Use these sample event messages to verify a successful integration with IBM® QRadar®.

Important: Due to formatting issues, paste the message format into a text editor and then remove any carriage return or line feed characters.

Cisco Duo sample message when you use the Cisco Duo protocol

Sample 1: The following sample event message shows that a customer successfully enrolled with Cisco Duo.

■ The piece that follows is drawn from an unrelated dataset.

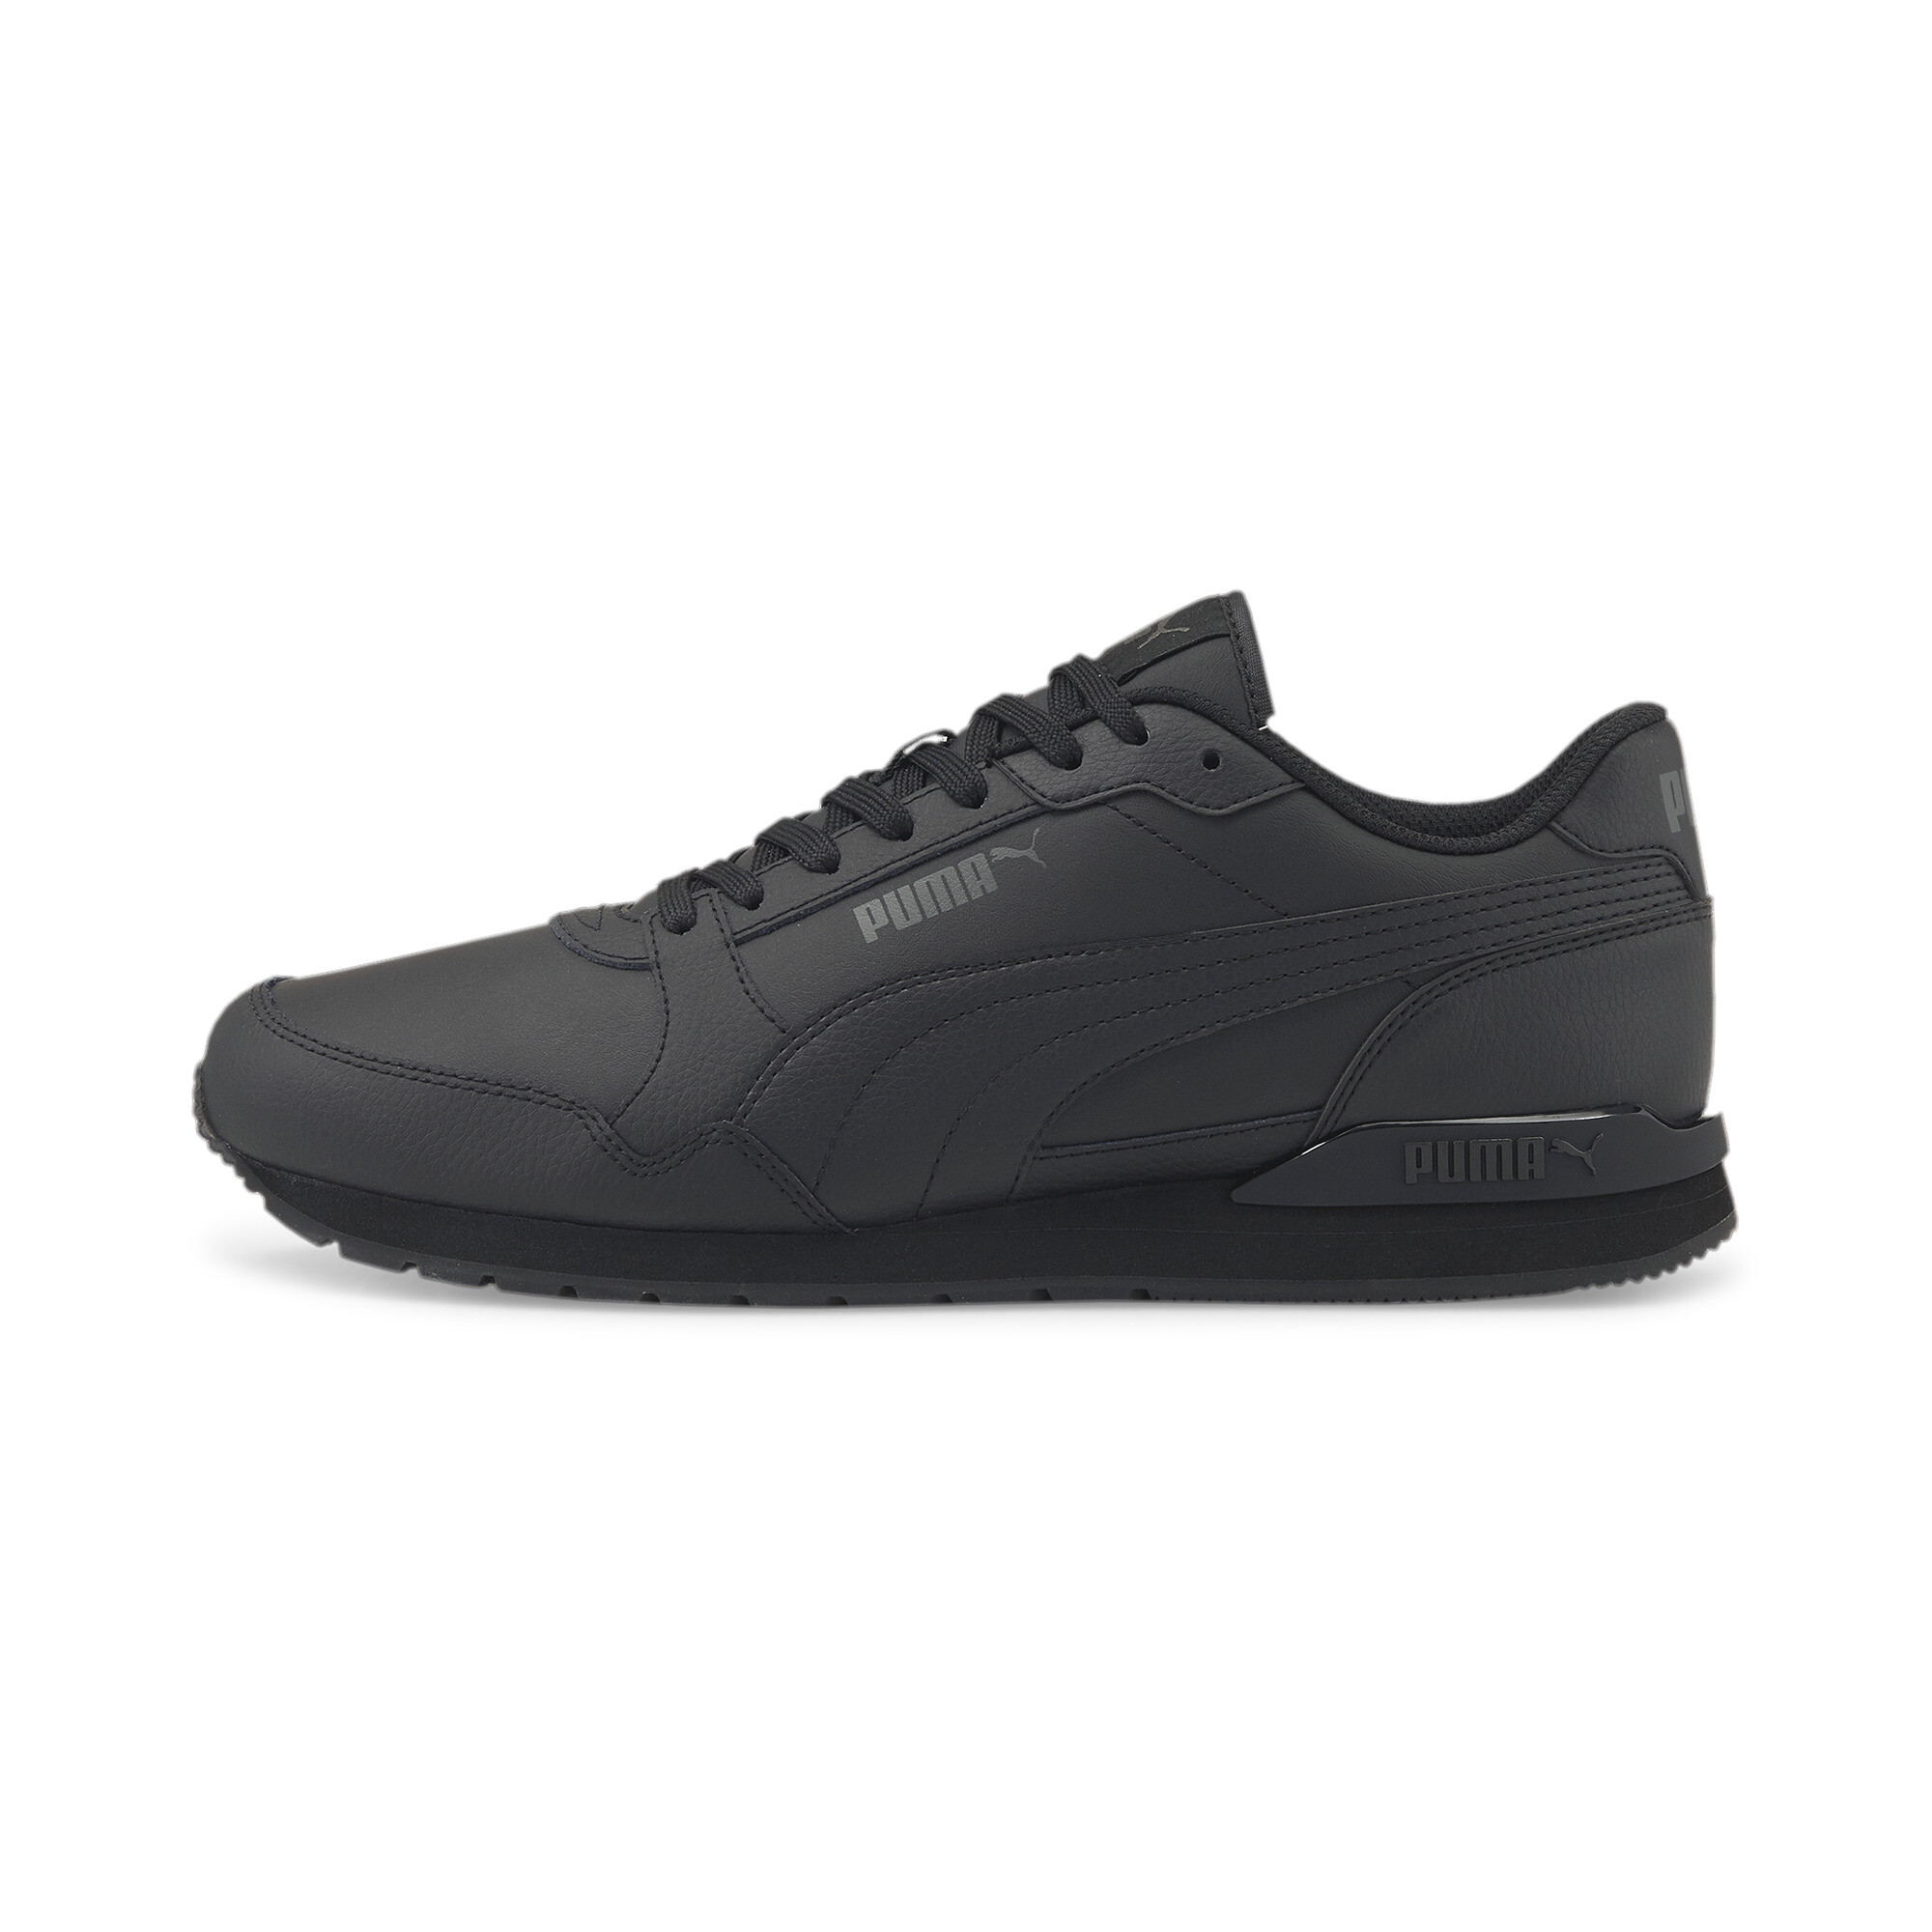 Puma ST Runner V3 L Trainers, Black, Size 45, Shoes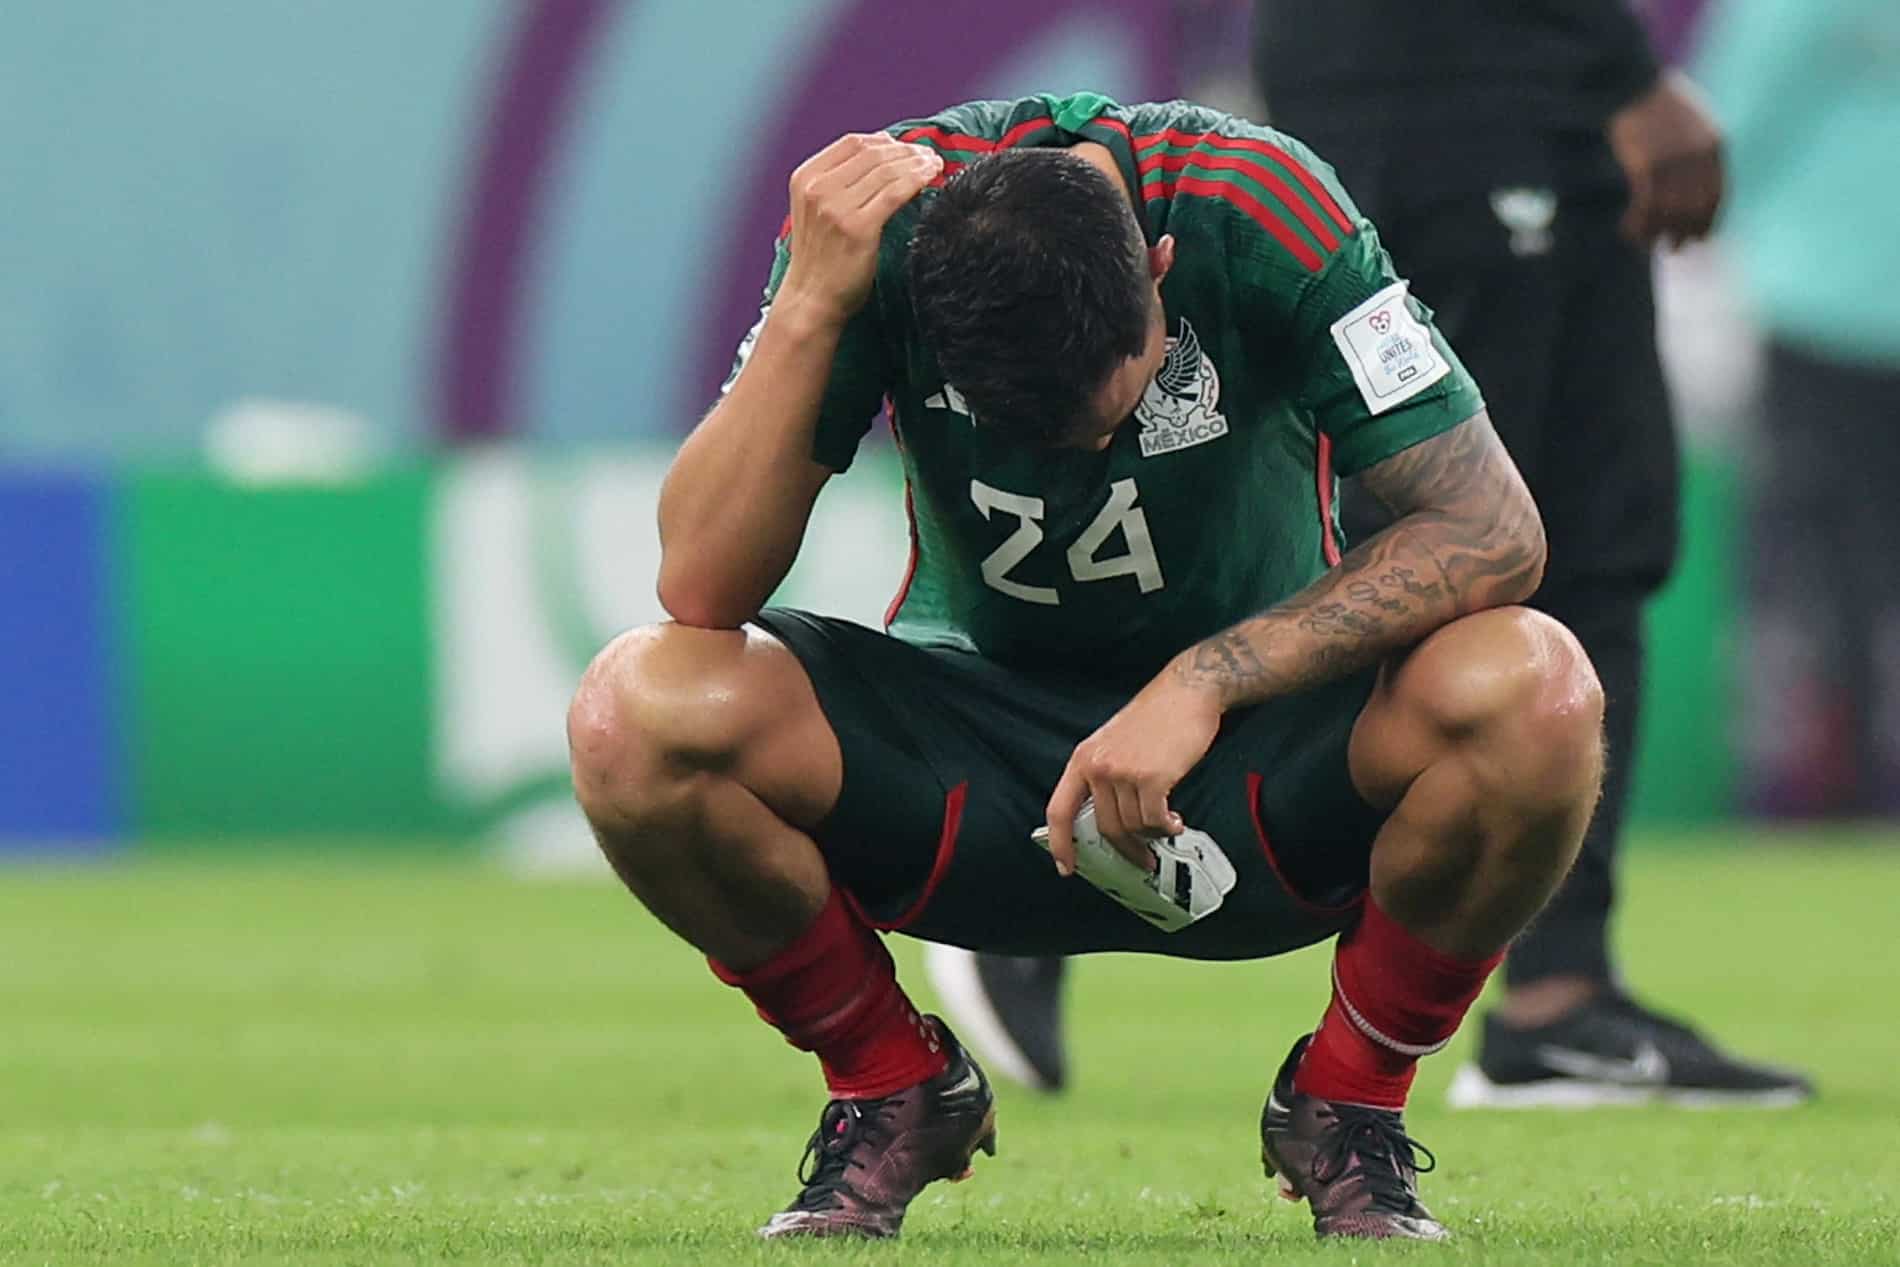 David Faitelson reacciona ante eliminación de México a octavos de final en Catar: “Fracaso, no hay otra forma de llamarlo”

{"access_device":{"browser":"Firefox","browser_version":"84.0","epkey":null,"flash_version":"uninstalled","hostname":null,"ip":"10.120.139.72","is_encryption_enabled":"unknown","is_firewall_enabled":"unknown","is_password_set":"unknown","java_version":"uninstalled","location":{"city":"city","country":"country","state":"state"},"os":"Mac OS X","os_version":"11.0","security_agents":"unknown"},"alias":"unknown","application":{"key":"1111111111AAAAAAAAAA","name":"1Password"},"auth_device":{"ip":null,"location":{"city":null,"country":null,"state":null},"name":"514-894-3479"},"email":null,"event_type":"enrollment","factor":"sms_passcode","isotimestamp":"2021-10-04T19:40:32.385977+00:00","ood_software":null,"reason":null,"result":"success","timestamp":1633376432,"trusted_endpoint_status":"unknown","txid":"1a32fe06-cc6c-4a34-9f08-43e23fb1f4b3","user":{"groups":[],"key":"1111111111AAAAAAAABB","name":"test.user@example.com"}}

Table 1. Highlighted fields in the Cisco Duo event
QRadar field name	Highlighted payload field name
Event ID	event_type
Source IP	ip
Username	name

Sample 2: The following sample event message shows that an end user approved an authentication request.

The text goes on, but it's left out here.